I can’t forget my most memorable experience at one of the world’s best restaurants, Andres, that excited my senses and satisfied my pallet.
Or the beautiful baby Thomas, Tatiana’s nephew who I couldn’t stop smiling at.
What about my guide, translator and new found friend Juan Carlos, who showed me the way to Juan Felipe – the essence and heart of my story.
The rogue teacher who agreed to an interview about sex education in schools.
The human rights lawyers and stong women who were fighting for justice and womens rights in a very contraversial country.
The young mothers of my tale that were staring at uncertain but hopeful futures.
Leon, the big cuddly man who cared about women and their lives.
Dennis, the young teenage father who had only just found out at 18 he would be a dad.
Anna, the sociologist and journalist who was researching teenage pregnancy for her thesis and told of corrupt governments.
Jimena, the ex-girlfriend of my English mate and a survivor after heartbreak.
The kind and generous nature of Tatiana and her family. Her loving and funny mother who contined to talk to me in Spanish despite my mis-understanding.
And Norma, the incredibly inspirational waitress from Crepes and Waffles who be-friended us and gave me her heart neckless- the heart I brought back from Colombia.
It was my last night in Bogota, Colombia and it certainly didn’t dissapoint! I was promised a good time and what I got was a lesson in Champeta, Reggaton and Salsa dance and the most amazing night with some incredible friends, old, best and new.
Maltidelina was the club, our friend Luis Carlos kindly got us free entry to and it is rumoured to be one of the busiest and best clubs in Bogota. It was certainly very busy when we arrived and later I realised why.
They had a live 10 piece band on playing who were incredibly energetic and got everyone up dancing and singing.
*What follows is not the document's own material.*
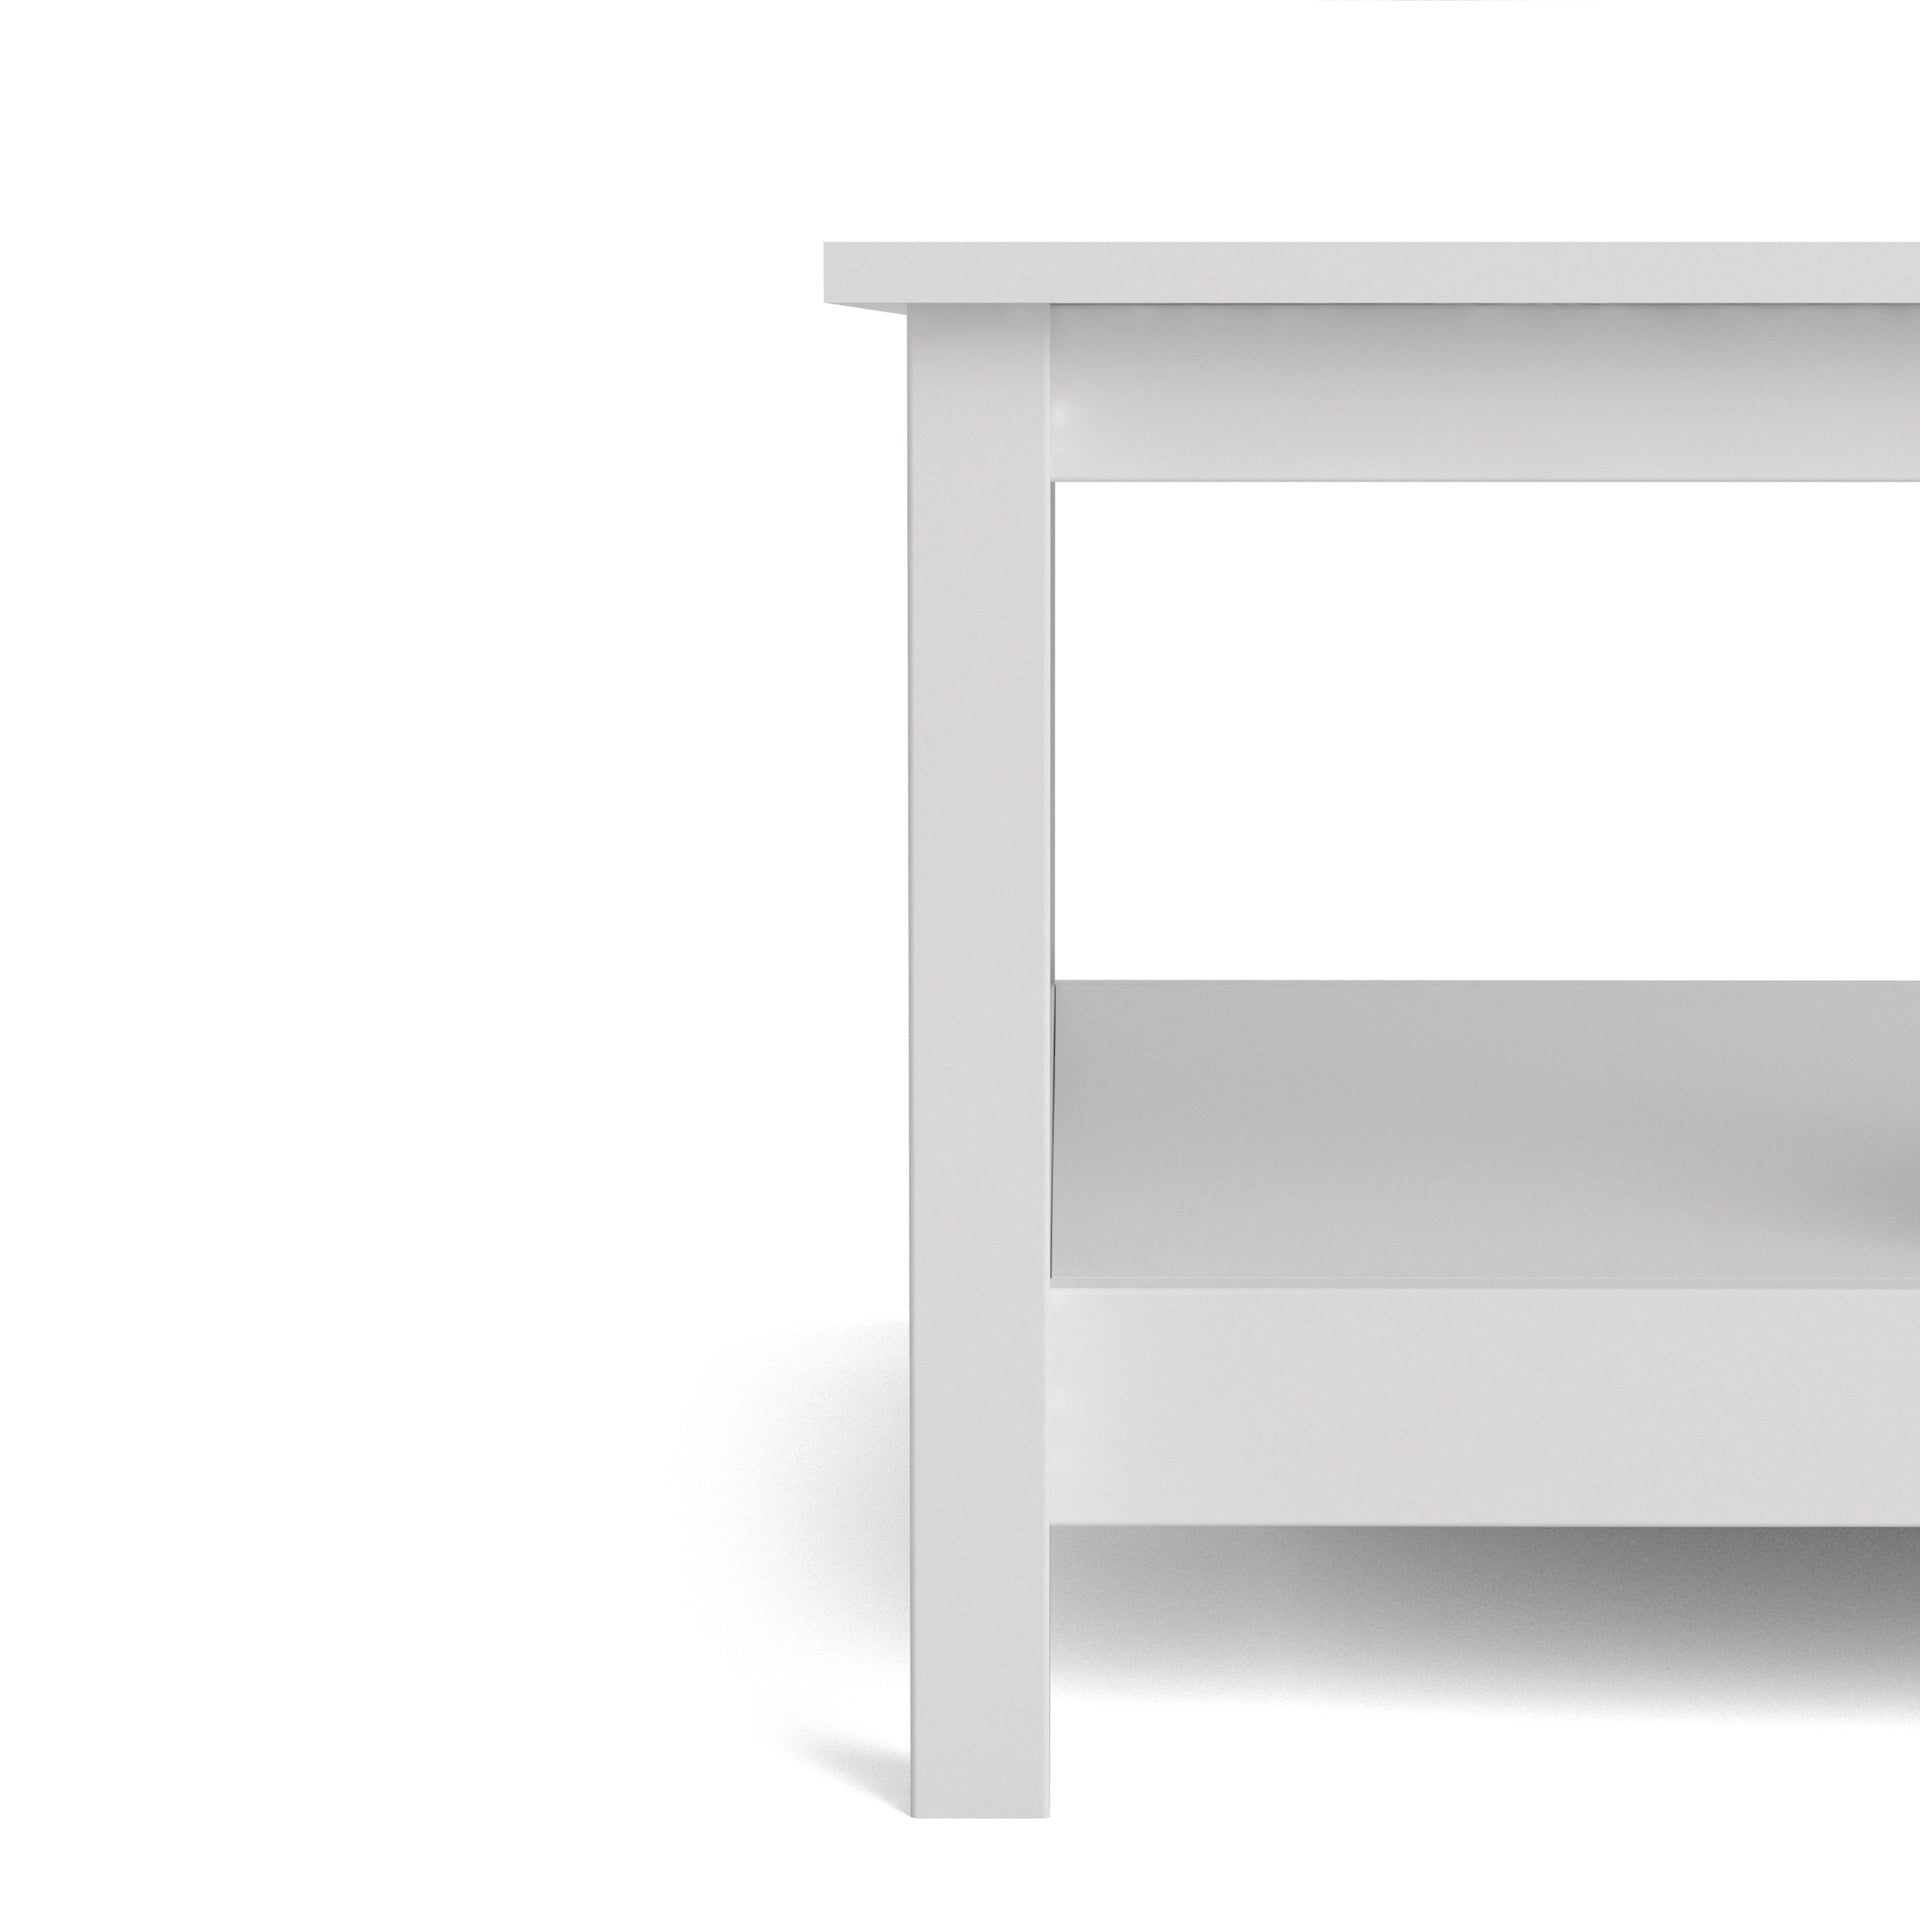 Furniture To Go Madrid Coffee Table in White

You couldn’t escape it and I soon found Colombian music infectious. It got underneath your skin and I found myself helplessly moving to the beats of Champeta (a local music) and Reggaton (a kind of Spanish rap that is rather erotic and apparantly has very suggested lyrics), both of which were encouraging some rather sexual dancing from the locals.
My friend Juan then proceeded to try and teach me Salsa. My Brazilian friend Weverson, had tried to teach me this previously so I had sort of the idea of the movement but Juan said I needed to relax more and move from the hips and the lower back. Goodness me, this was certainly a very seductive dance.
Interestingly, I thought back to the many teenagers I had interviewed and recalled what a couple of them had mentioned about some kinds of Colombian music influencing their sexual health choices. The music I was now listening to seemed to echo their words. I could see how some of these couples would go home tonight and feel the heat of the music between the sheets!
Next on was a Shakira-like lady who got the whole crowd singing to her Colombian ballad and a sense of patriotism came over me. Despite not being native, my friends here had made me feel so welcome, I felt I could join in. While not knowing the Spanish words, I started to sing to the tune and became wrapped up in a little bubble of lovely hispanic energy.
So it is safe to say I will really miss the incredible friends I have made here and this amazing culture. There is certainly something about the hispanic way of living that I can’t shake. It is like a love affair I cannot help and it will be long before I can get over it. And as my Colombian friends would say, ‘if you can’t get over it, get under it’ 😉
On my first night in Cartagena I met my guide and translator Juan Carlos Narvarez who turned out to be wonderful. We didn´t recognise each other at first as I had only spoken to him on the phone and seen his photo on facebook and visa versa but optimistically shouted his name and a deep friendly voice answered.
He took me for dinner at Crepes and Waffles where I explained my documentary to him. I was very impressed with his English, despite him explaining that he had stopped studying years ago and at 37 he had lots of energy and enthusiasm to help me and would always find a word to express his meaning even if it wasn´t the first one he was looking for.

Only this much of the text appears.